Similarly he was unable to content himself with the flawless grace of line that Harunobu and Buncho had mastered. Either from the powerful and massive brush-strokes of Moronobu or from the even more expressive brushwork of Shigemasa, he derived a style that is one of his chief glories. No use of line was ever more virile than his. The brush seems to vibrate in his hand; the strokes are instinct with life along every fraction of their length; the line narrows, widens, swirls, breaks, and flows in perfect response to the will of the mind behind it. So individual is Kiyonaga's touch that it would be possible for an expert to attribute to him a print of which only one square inch survived.
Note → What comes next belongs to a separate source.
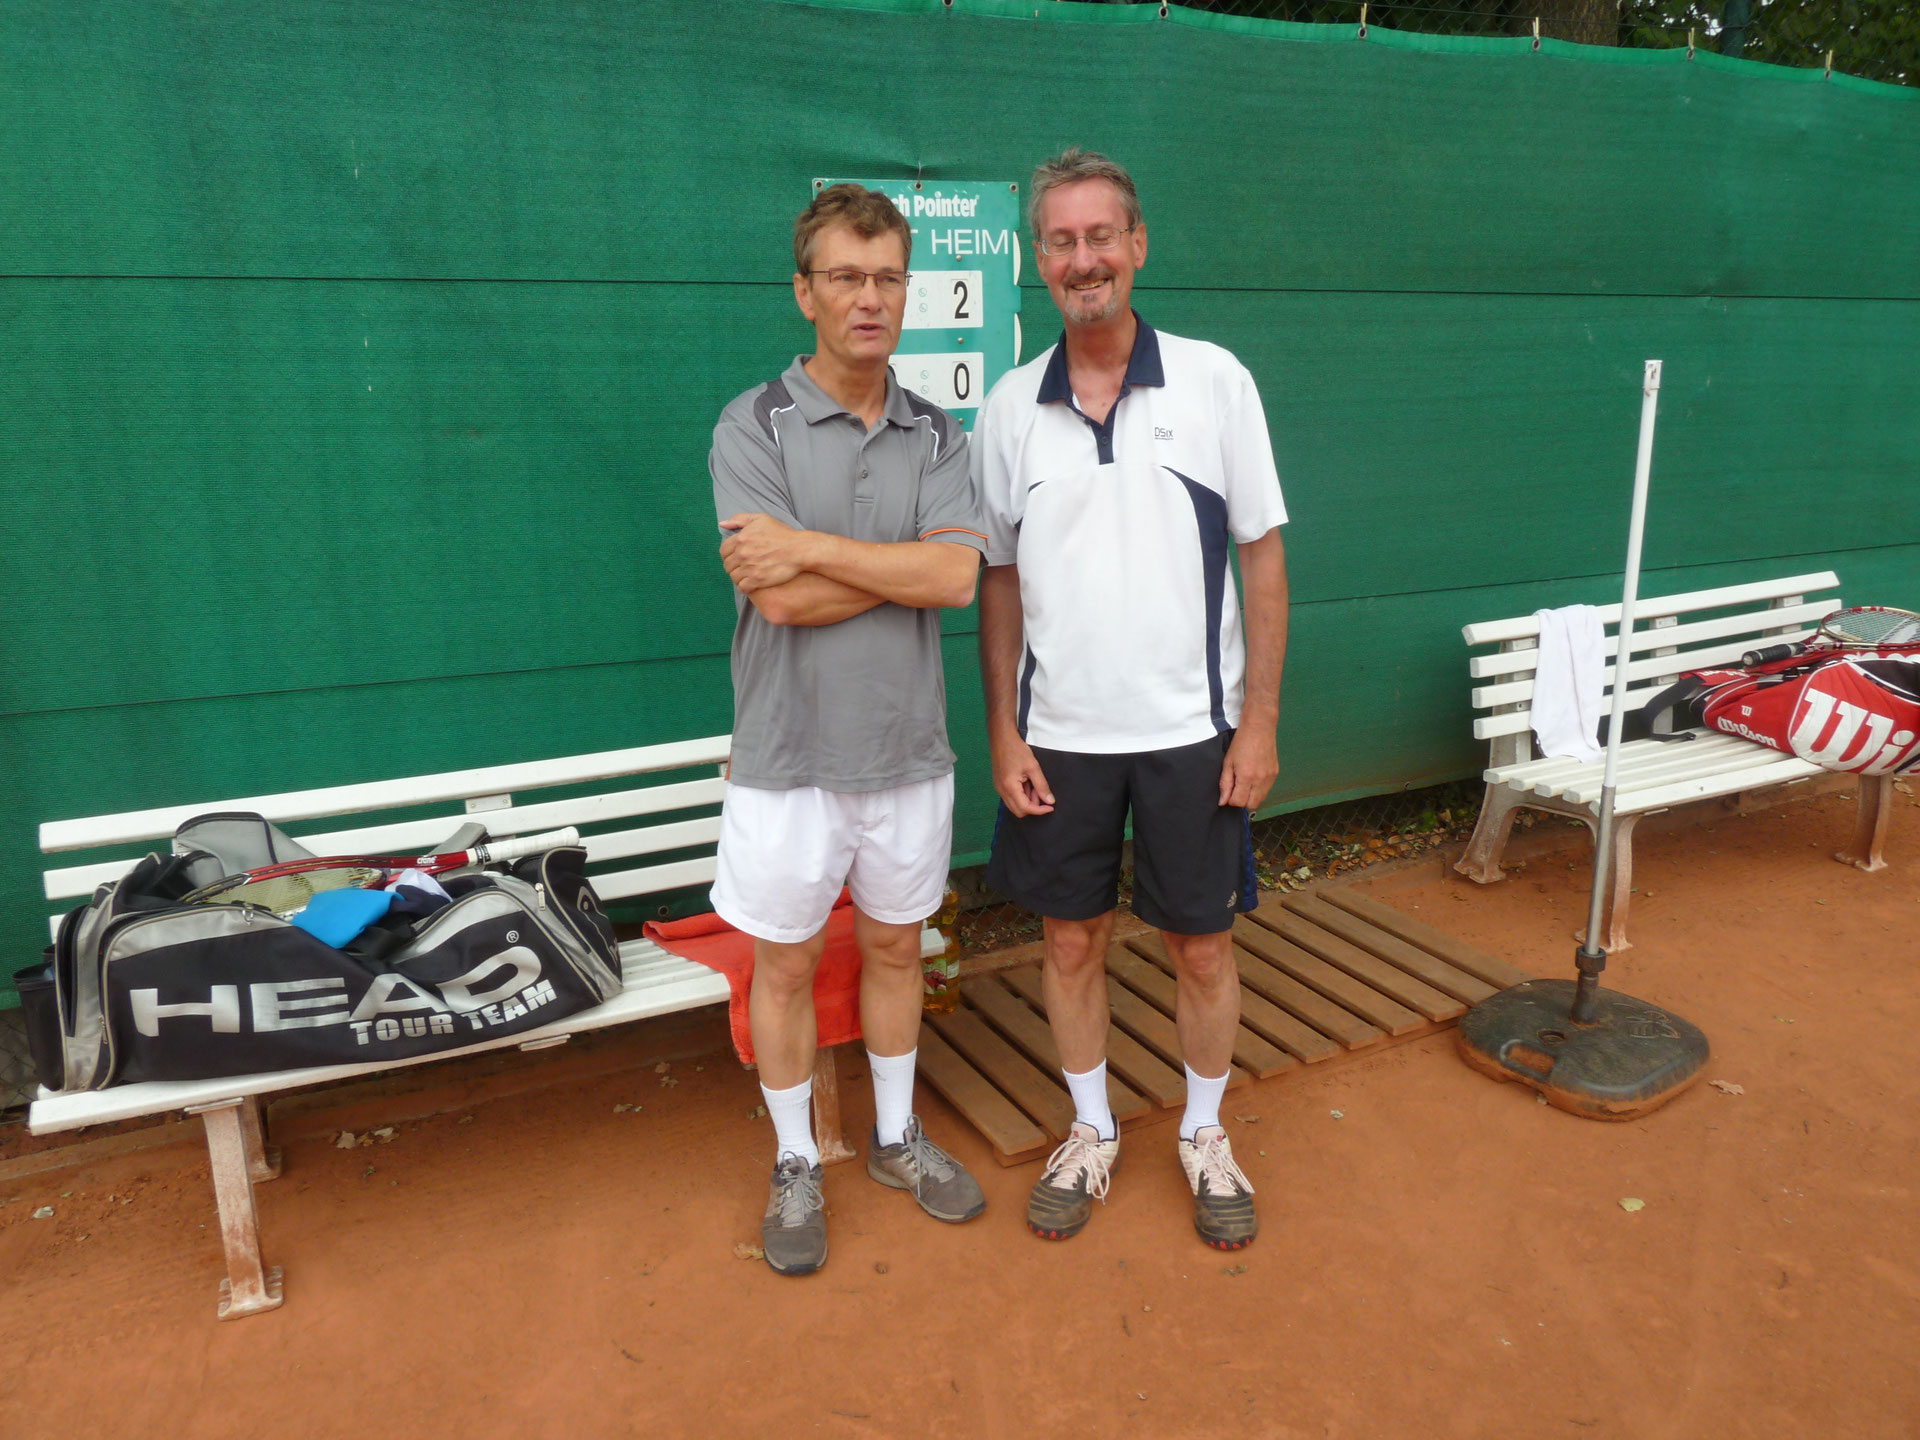 Tennis In Bottrop

KIYONAGA: YOSHITSUNE SERENADING THE LADY JORURIHIME.
A triptych. Each sheet size 15 × 10. Signed Kiyonaga ga. Spaulding Collection.
Plate 29.
It is characteristic of Kiyonaga's style that he did not confine himself to the small square sheets used by Harunobu and the small oblong hoso-ye used by Shunsho. His most important work is in the form of the large full-size sheets which he adopted from Koriusai. In these he rose to a height unparalleled in Ukioye; and M. Koechlin is quite right in esteeming Kiyonaga's sense of elaborate composition, here so impressively displayed, as his chief grandeur.
In the series of large sheets without backgrounds, "Designs of Spring Greenery," one of which is reproduced in [Plate 25]—Kiyonaga produced work not very different from that of his collaborator Koriusai. Only in certain sheets is there a harmonious grasp of the full possibilities of pictorial composition. But proceeding to other series, the gap widens. In the series "Present Day Beauties of the Yoshiwara," he advanced to his own unique field. Possibly he touched the supreme height in the great group "Brocades of the Customs of the East," which includes such well-known prints as the two saltwater carriers on the seashore, the three singers at the bath, the two ladies conversing with a flower-vendor, and the print reproduced in [Plate 26].
From these prints Kiyonaga proceeded to still further combinations, devising compositions in which two, three, or even five sheets unite into one wide design. For the triptych we have Kiyonaga to thank. The triptych was not, it is true, literally Kiyonaga's invention; many artists in the First and Second Periods had produced hoso-ye sheets in sets of three that could be joined together to form one picture. In fact, each set of three was originally one sheet printed from one set of blocks; and it was convenience and economy rather than the idea of producing any real three-piece composition that led to the production of these sets. The prints were almost always conceived as separate pictures; they seldom gain by juxtaposition, and frequently suffer by it.
Far other was the impulse that led Kiyonaga to his diptych and triptych compositions. The great triptych of the "Disembarkment," the diptych of the "Night Expedition," the "Serenade" triptych reproduced in [Plate 29], and the whole series of diptychs called "Twelve Months of the South," to which belongs the marvellous "Terrace by the Sea," are all dominated by an indigenous rhythm of line and colour. These designs have not Shunsho's startling force, nor Harunobu's minutely detailed grace, nor Koriusai's richness; all these elements Kiyonaga sacrifices for a broader sweep and a more unified pictorial quality. His designs co-ordinate the elements of line, colour, figures, and landscape into total impressions of such large harmony as we have not seen before and shall hardly see again. To over-estimate the genius that produced the grouping of his best work is impossible; to realize it fully requires careful analysis, so unobtrusive and inevitable are its effects.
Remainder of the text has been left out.